TOKYO COMPLEX「ゲームセンターの夢」

大学に入学した当初、授業と授業の合間に空き時間があり、友人とゲームセンターに行くことがあった。
その時、よく遊んだのが「太鼓の達人」だった。
浪人生活をしていたとはいえ、まだまだ子供じみていた僕ら(今も十分に子供じみているが)は太鼓の達人を遊んでは各々のスキルを高めあっていた。
一時、「太鼓の達人倶楽部」みたいなノリもあった。
しかし、我々のプレイが終わるのを今か今かと待っていた高校生らしき人たちがいざ自分の番が来た際、鞄からオリジナルのマイバチを取りだし、そのバチを使って鬼難易度を鮮やかにプレイをしている姿を見て、太鼓の達人倶楽部はあたかも消滅した。

ゲームセンター。
昔は不良たちが集う場所というネガティブなイメージがあったが、その一方で憧れもあった。
家族で温泉に行った際においてあるゲームコーナーに目をキラキラ輝かせていた時。
今でこそ遊ぶことが極端に少なくなったが、もともと僕はテレビゲームが大好きな人種であり、ゲームセンターも自ずと好きな場所ではあった。
しかし、真面目に過ごした高校時代はそうした娯楽施設に下校時に寄ることはなかった。
サブカルを拗らせていた僕はビレバンによく行っていた。それか本屋。

ゲームセンターに通い始めるようになったのは大学2年の終わり。
所属していた放送研究会のメンバーがこぞってハマっていたリズムゲームがあった。
「jubeat」と呼ばれるゲームだ。

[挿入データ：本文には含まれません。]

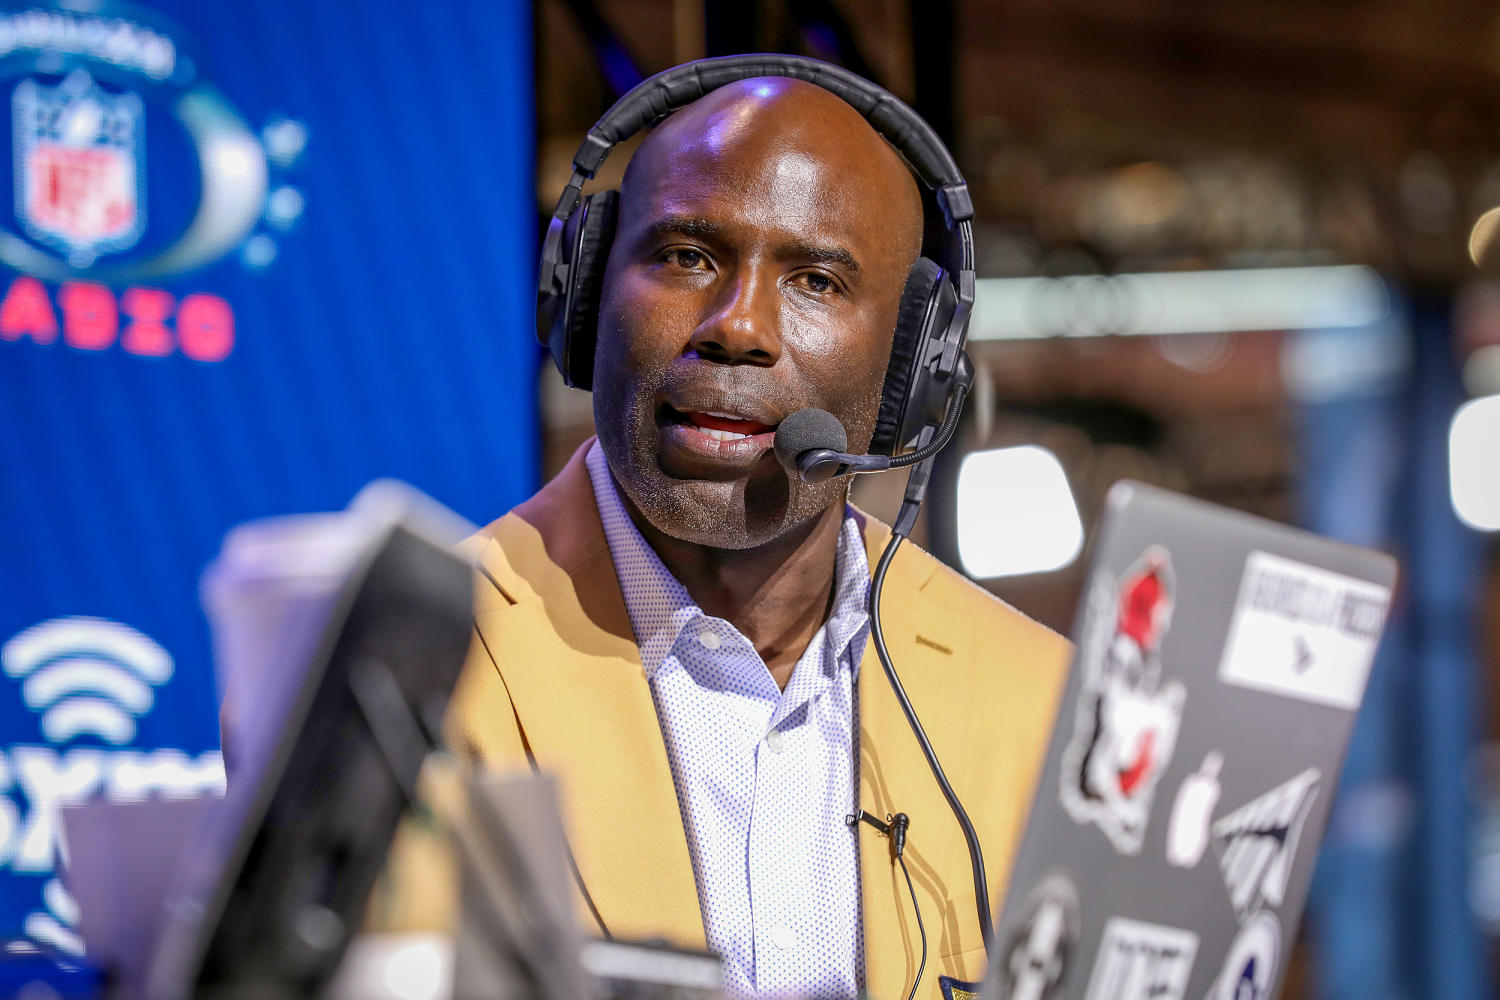 Football Hall of Famer Terrell Davis believes race played role in handcuff removal from United flight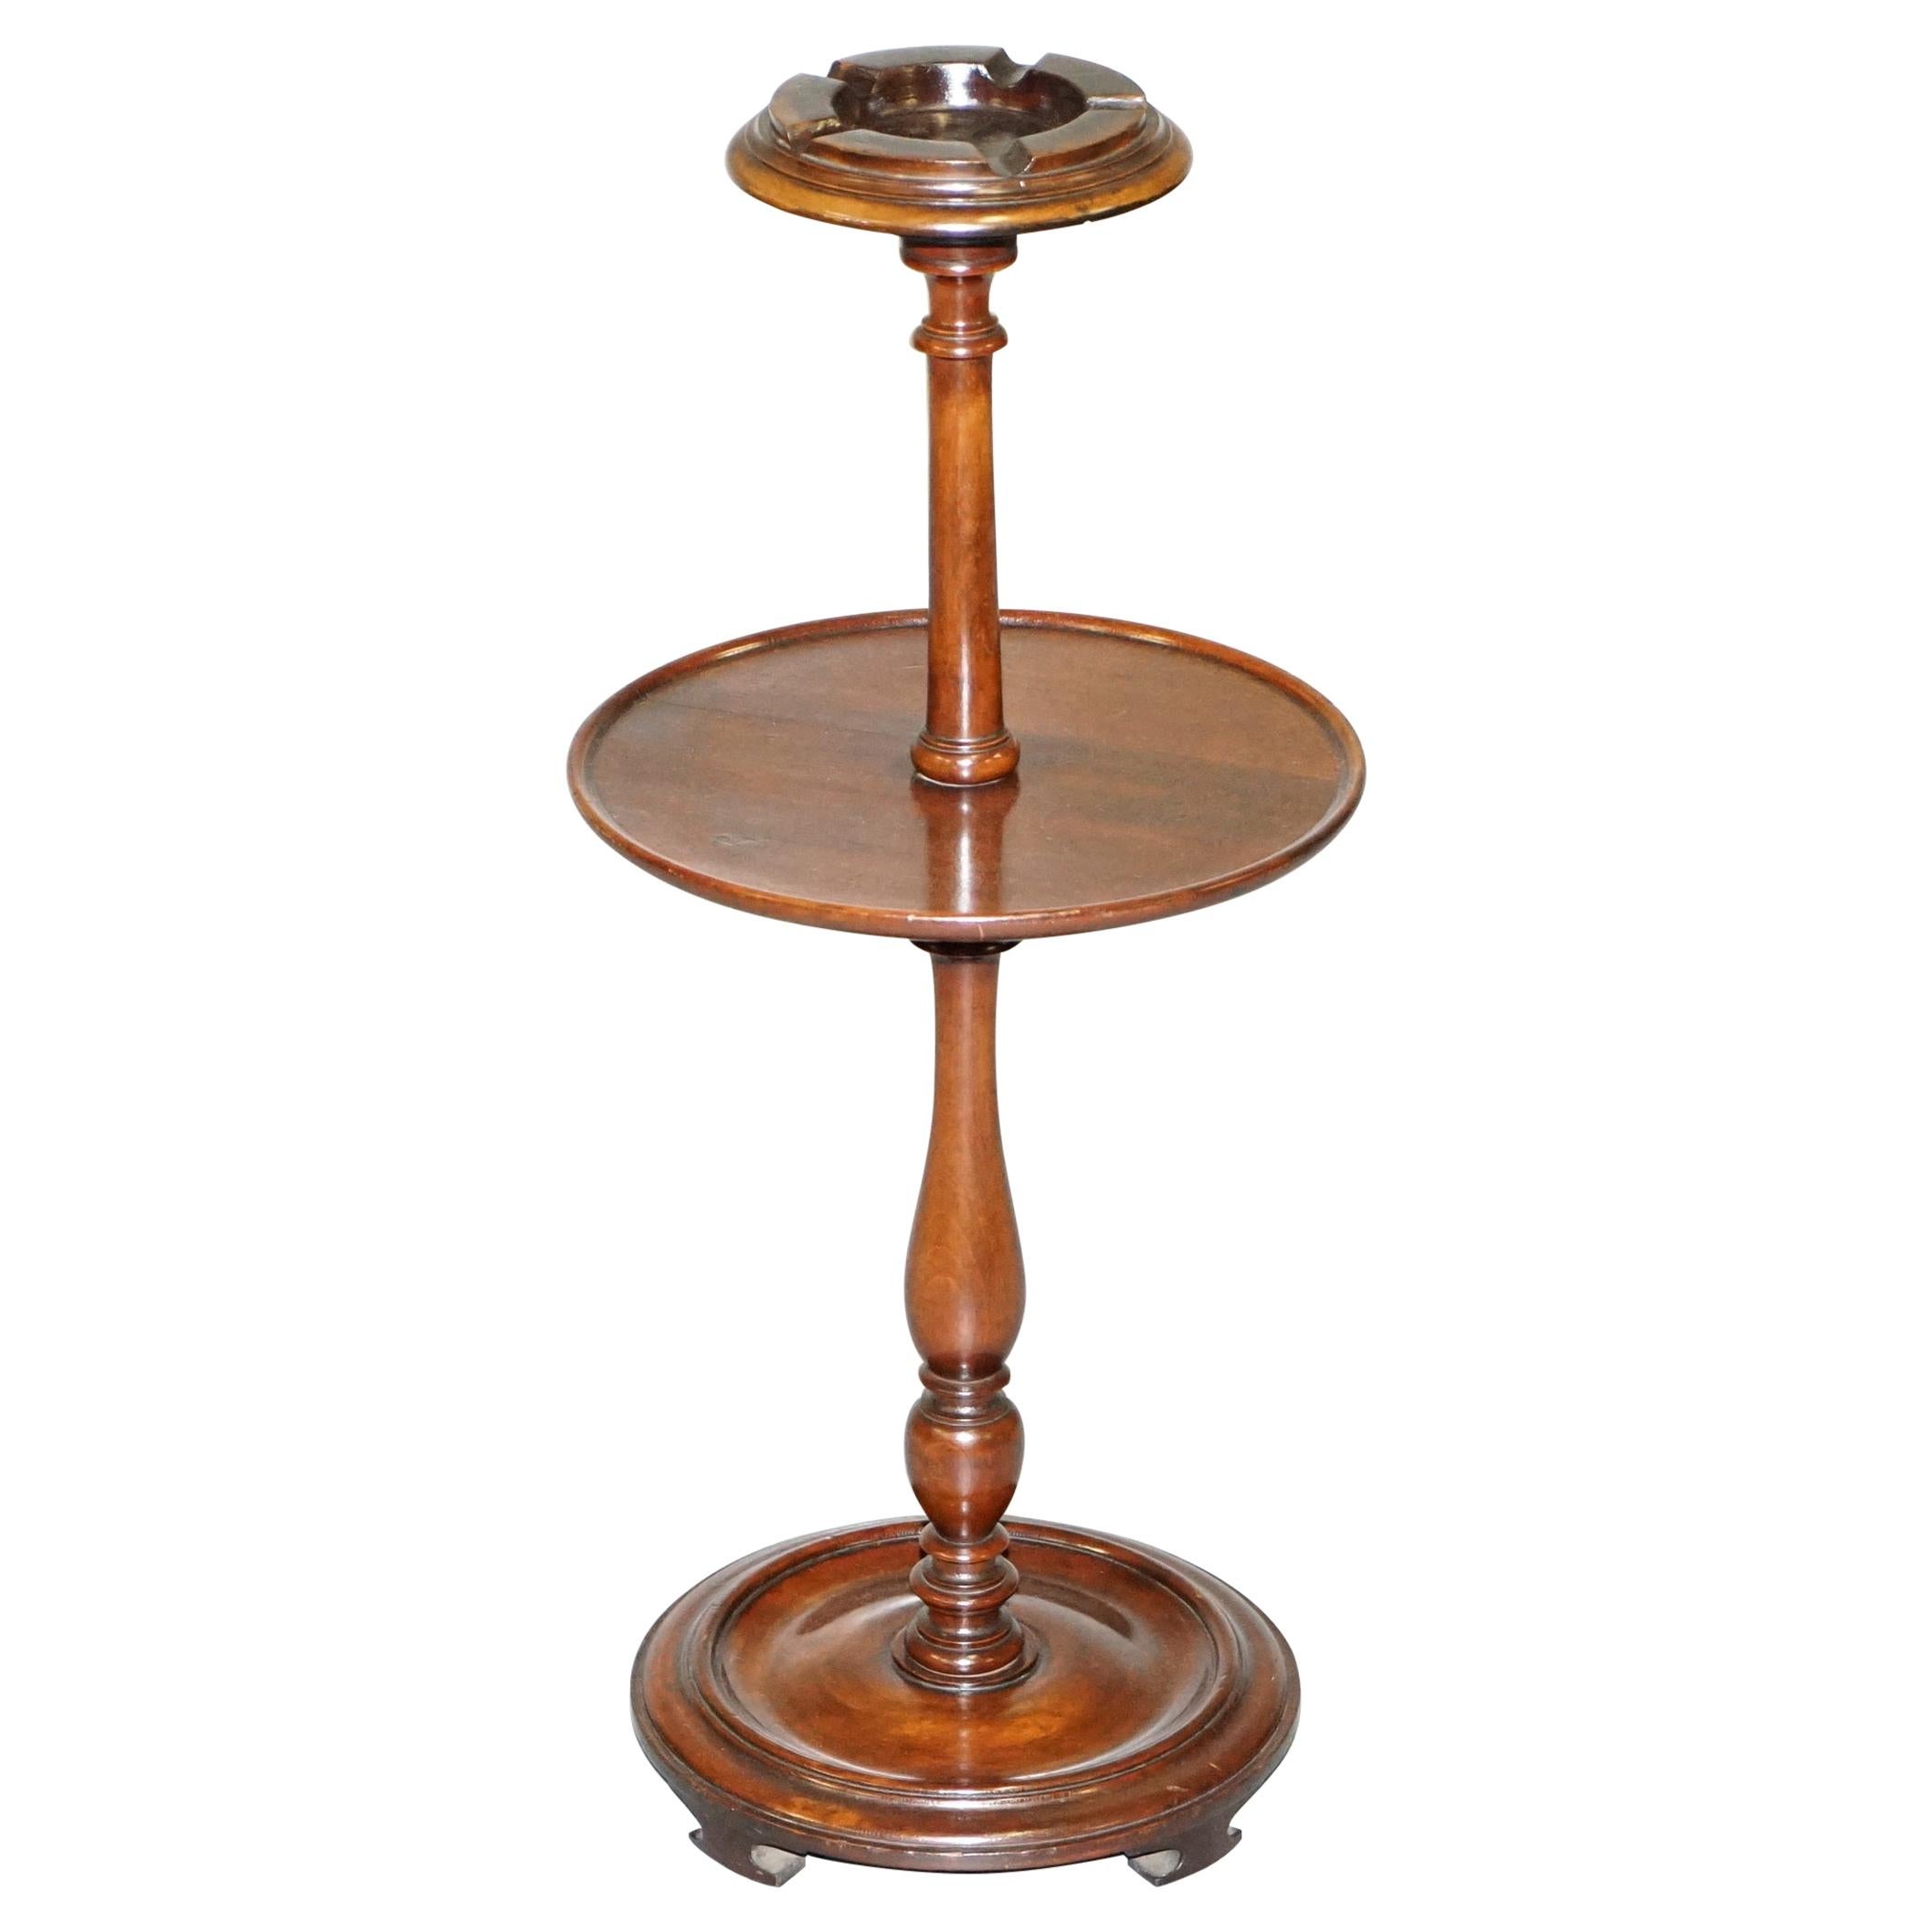 Stylish Art Deco Mahogany Two Tiered Smokers Side Table with Built in Ashtray

「ユビート」と読む。
正方形のパネルが4×4で並んでおり、タイミングに合わせてそのパネルを押す、という音ゲーだ。
こうしたリズムゲームはゲーム会社によるオリジナルソングばっかでとっつきにくいと思っていたが、jubeatに関してはJ-POPも多くそろえており、中には僕が好きなロキノン系バンドの曲も入っていた。
特にビックリしたのがフジファブリックの「銀河」が入っていたこと。
僕が愛してやまないバンドの曲が沢山入っていることもあり、このjubeatにはかなりハマった。
仲間たちとスコアも競ったりもした。
ゲームの良いところは成長することができること。
そこから生まれる達成感は爽快だ。
そして、どんどんとハマっていく。
テレビゲームだとエンディングがあるが、音ゲーは終わりがない。
だからとことんハマっていった。
一時、物凄くゲームセンターに通っていた。

ただ、あることをキッカケにゲームセンターから遠のくようになる。
jubeatのプレイ履歴が残せるIDカードがあるのだが、それを紛失したのだ。
そのお陰で今までのランクや称号は無くなってしまう。
こうなると一気に覚めてしまい、あんなにハマっていたjubeat、ひいてはゲームセンターへ足を運ぶことがなくなった。

まるで、夢を見ているようだ。
何かにハマっていると視野が狭くなることがある。
一点集中。
ただ、何かをキッカケに急に冷めてしまう。
いや、夢から醒めてしまう、という言葉のほうが正しいのかもしれない。
熱しやすく、冷めやすい。
そして、醒めやすい。

昨年、久々にゲームセンターに行き、jubeatをプレイしたが、意外と体は覚えていて驚いた。
ただ、前みたいにのめりこむことはなさそうだ。

PS
約1年ぶりの更新。もっと書かなくては。。